A New Magnetic-field-driving Method For Fabricating Ni/epoxy Resin Functionally Graded Materials

Functionally graded materials (FGMs) are emerging as a new class of special materials between heterostructure materials and composite materials. They have been extensively used in many engineering fields with their continuous spatial distribution of components and resulted properties. Based on the distinct difference in magnetic susceptibility between components, two new magnetic-field-driving approaches were developed to prepare Ni/epoxy resin FGMs. Vertical and parallel magnetic-field-driving devices were designed and built to meet the need of experiments. The influences of Ni concentration, magnetic filed velocity and the action times on composition distribution, electrical resistivity, light transmittance and normallized saturation magnetization of Ni/epoxy resin FGMs were studied systematically by means of optical microscope, spectrophotometer, high resistance meter, vibrating sample magnetometer.The results are summarized as follows:The gradient of composition distribution, light transmittance, electrical resistivity and specific saturation magnetization were formed along the field moving direction in samlpes fabricated by vertical magnetic-field-driving method. With increasing Ni content from 5 to 20 wt.%, the composition gradient increased first and then decreased. As the magnetic field velocity increased from 0.25mm/s to 3mm/s, Ni gradient decreased.
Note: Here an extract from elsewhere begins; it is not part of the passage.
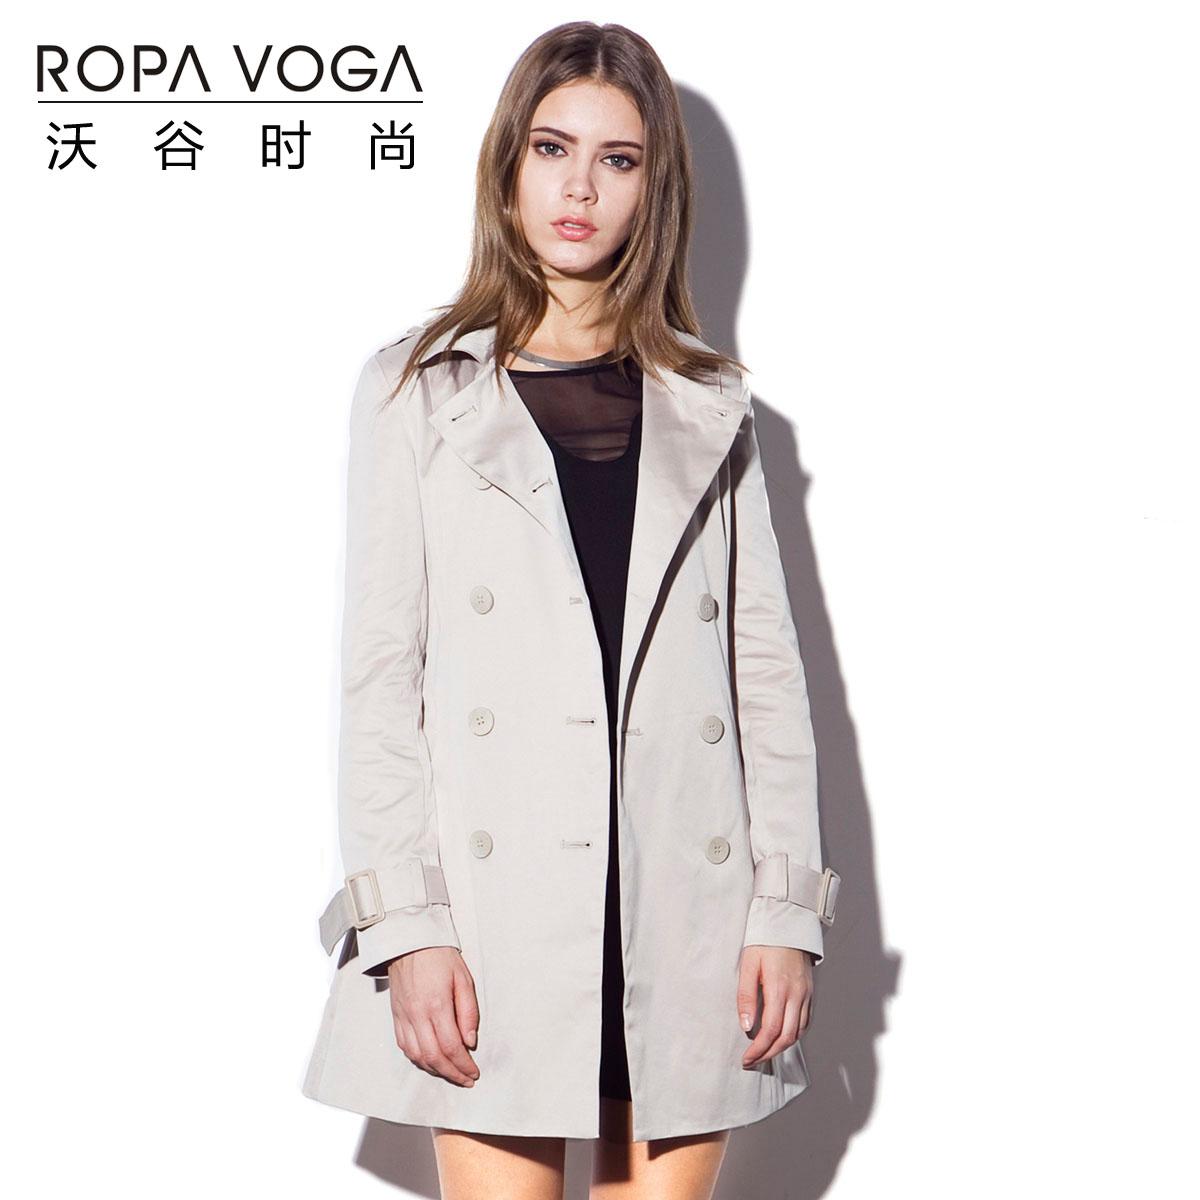 沃谷2014春装新品斗篷披肩领时尚修身双排扣中长风衣 大衣外套商品图片

The composition gradient increased with adding the action times of magnetic field from 1 to 5. The system structure remained unchanged after 5 times of magnetic field action. In addition, the chain-like clusters of Ni were formed, which lead to the anisotropy of electrical resistivity and normalized saturation magnetization. A schematic model was proposed to explain the distribution of particles in gradient magnetic fields.Ni gradient and chain-like clusters were obtained along the field direction in samples prepared by parallel magntic-field-activated method. The composition gradient increased with the increase of Ni contents, and reached the maximum value at Ni= 15 wt.%. With increasing the velocity of magnetic field from 1 to 20mm/s, Ni gradient decreased. The composition gradient increased with adding the action times of magnetic field from 2 to 10. The system structure remained stable after 10 times of magnetic field action.